How a Best Efforts Offering Works
In a best efforts offering, the issuer hires a broker-dealer or other intermediary to market and sell the securities, but the intermediary does not commit to purchase the full offering amount from the issuer. In a registered public offering, that intermediary may still be part of the distribution process, but it is not taking the same kind of balance-sheet exposure that defines a firm commitment deal.
Some best efforts offerings include contingencies, such as a minimum amount that must be raised before the deal can close. In those cases, the offering mechanics and investor protections can become especially important, because the transaction may depend on whether the minimum threshold is actually met.

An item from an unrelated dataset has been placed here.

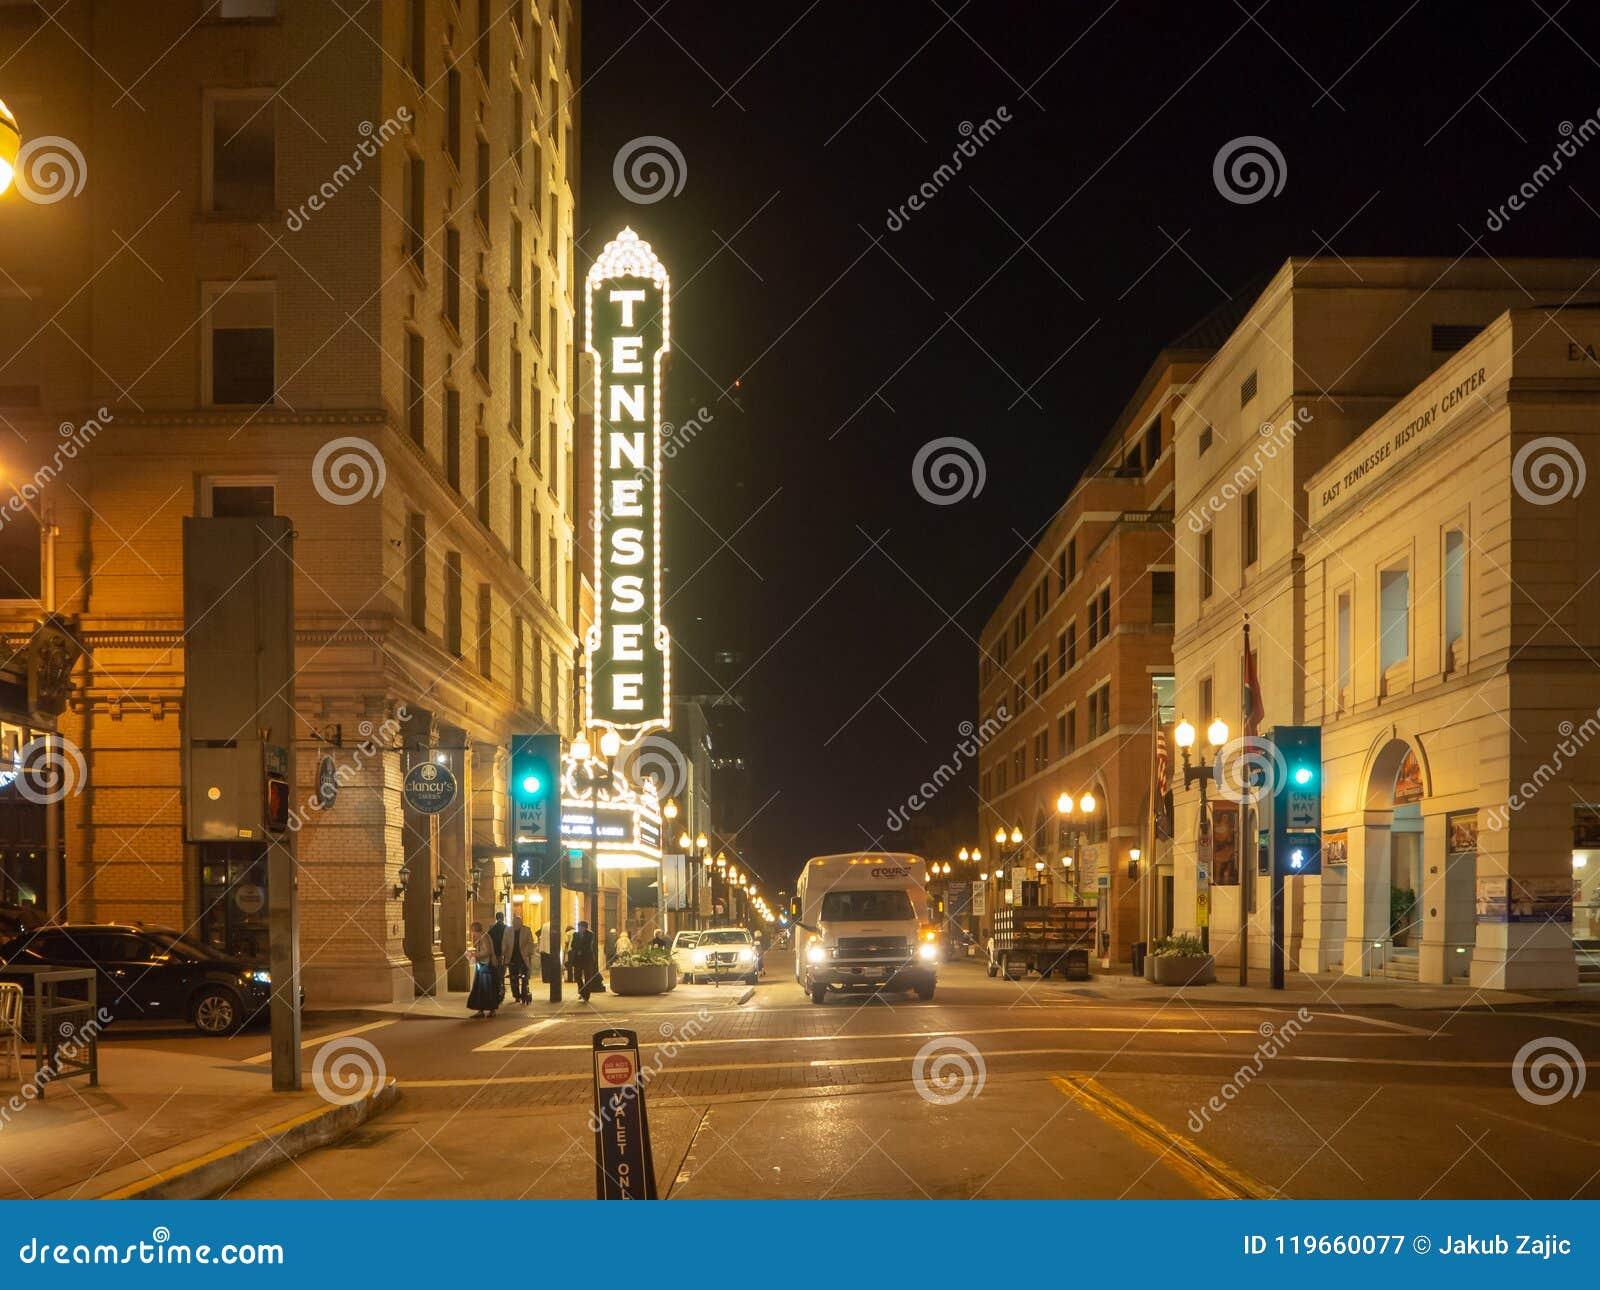 Улица гомосексуалиста, Ноксвилл, Теннесси, Соединенные Штаты Америки: [Ночная жизнь в центре Ноксвилла]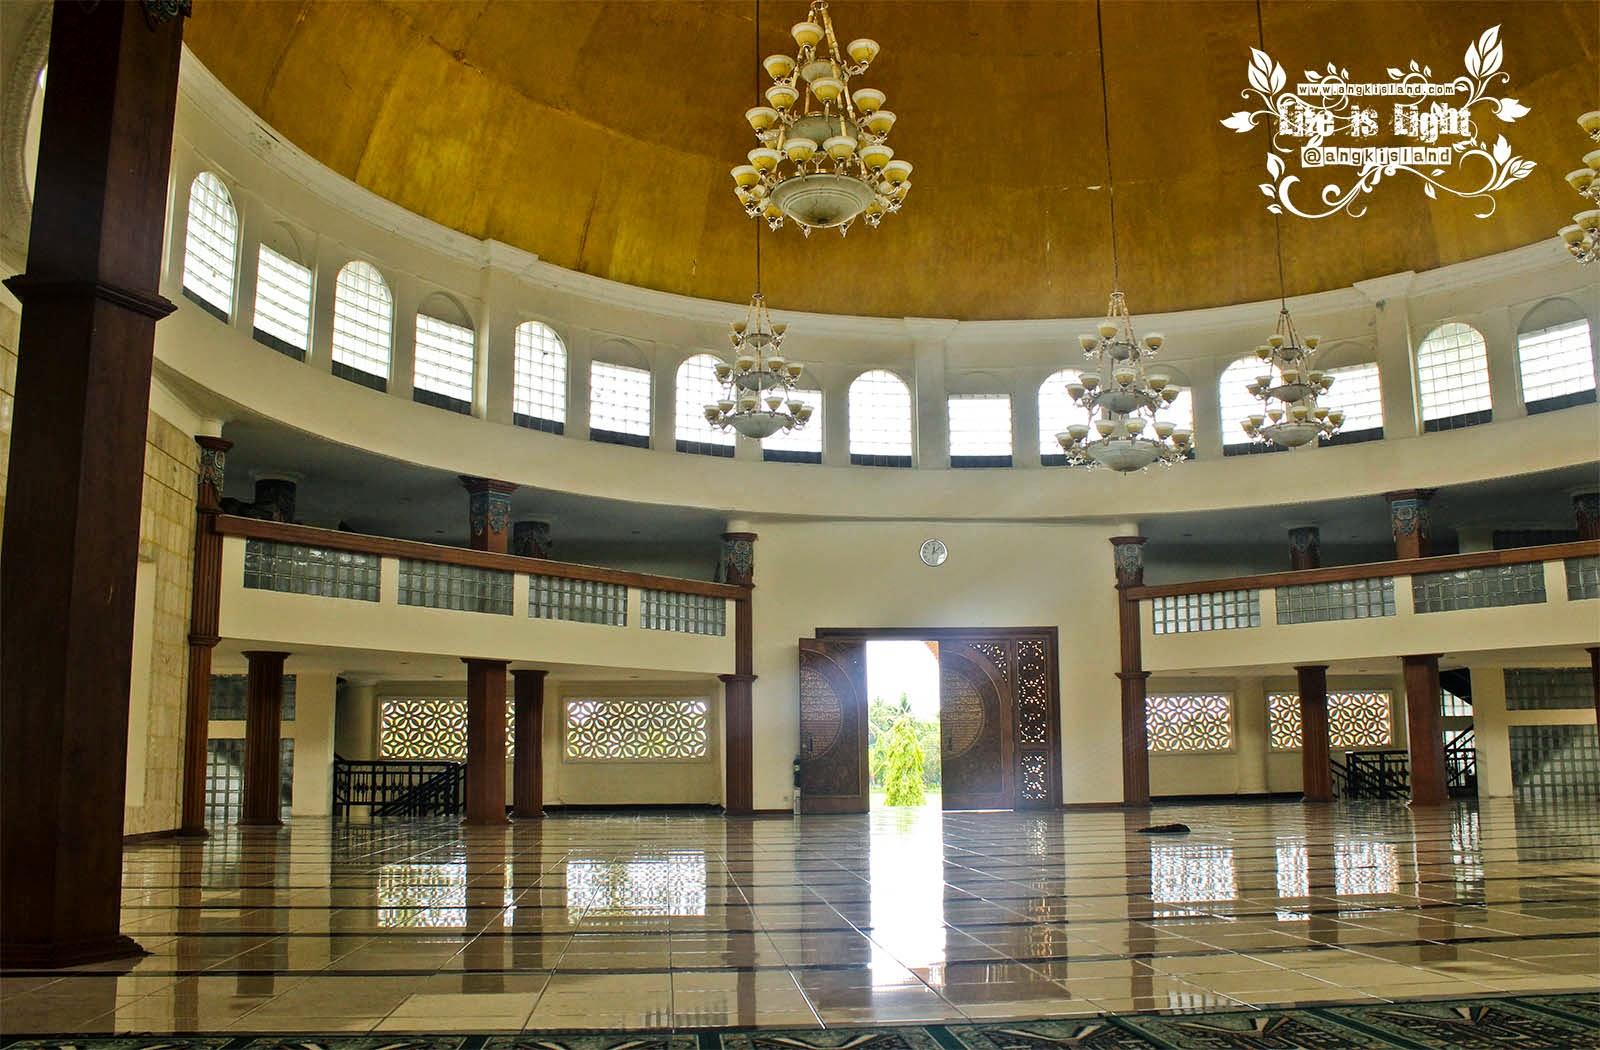 Masjid Hikmah Tawakal mercubuana

Best Efforts Offering Versus Firm Commitment Underwriting
Structure | Main intermediary obligation |
|---|---|
Try to sell the securities without taking the same purchase commitment | |
Buy the securities from the issuer and resell them to investors |
The two structures can look similar from the outside because both involve offering documents, marketing, and investor solicitation. The economic difference is that firm commitment underwriting shifts more immediate market risk to the underwriters, while a best efforts offering leaves more of that risk with the issuer and the outcome of the selling process itself.
Why Issuers Use Best Efforts Structures
Issuers may use best efforts offerings when the deal is smaller, more specialized, or less suited to a traditional fully underwritten public sale. The structure can give an issuer market access even when the underwriter or selling intermediary is not willing to take a firm balance-sheet commitment. That can be useful, but it usually comes with less certainty around final proceeds and closing dynamics.
The structure can also signal that the intermediary is taking a more limited role in the transaction. Investors should not treat that as automatically bad, but they should recognize that the offering is not being supported in the same way as a traditional firm commitment deal.
How Best Efforts Offerings Change Investor Risk
Best efforts offerings can involve more uncertainty around whether the full deal will sell, at what price, and on what final terms. If the offering has a minimum amount that must be raised, investors should pay attention to what happens if that minimum is not achieved. If the deal has no such threshold, the issuer may still end up raising less capital than planned, which can affect how the market interprets the transaction afterward.
For that reason, investors should read the offering structure carefully instead of focusing only on the story being sold. The distribution method changes the level of execution certainty behind the offering.
Example of a Best Efforts Offering
Suppose a small issuer wants to raise $30 million in a public or exempt securities sale, but no bank is willing to commit its own capital to buy the full deal. Instead, a broker-dealer agrees to sell the securities on a best efforts basis. If investors subscribe for the full amount, the issuer gets the full raise. If demand falls short, the issuer may receive less capital, or the deal may not close if a minimum threshold applies.
The offering still reaches investors through a formal selling process, but the intermediary is not standing behind the deal in the same way that a firm commitment underwriting group would.
Where Investors See Best Efforts Language
Investors usually see best efforts language in the prospectus, offering circular, placement documents, or regulatory discussion around how the securities are being sold. The wording often matters most when the deal includes a contingency, such as an all-or-none or minimum-maximum raise condition.
That language is not boilerplate. It helps explain how much execution risk remains in the deal and how the issuer's capital-raising outcome depends on the selling process itself.
The Bottom Line
A best efforts offering is a securities sale in which the intermediary agrees to try to sell the securities without making the same purchase commitment found in firm commitment underwriting. That structure can still raise capital, but it gives the issuer less certainty that the full deal will be completed on the planned terms.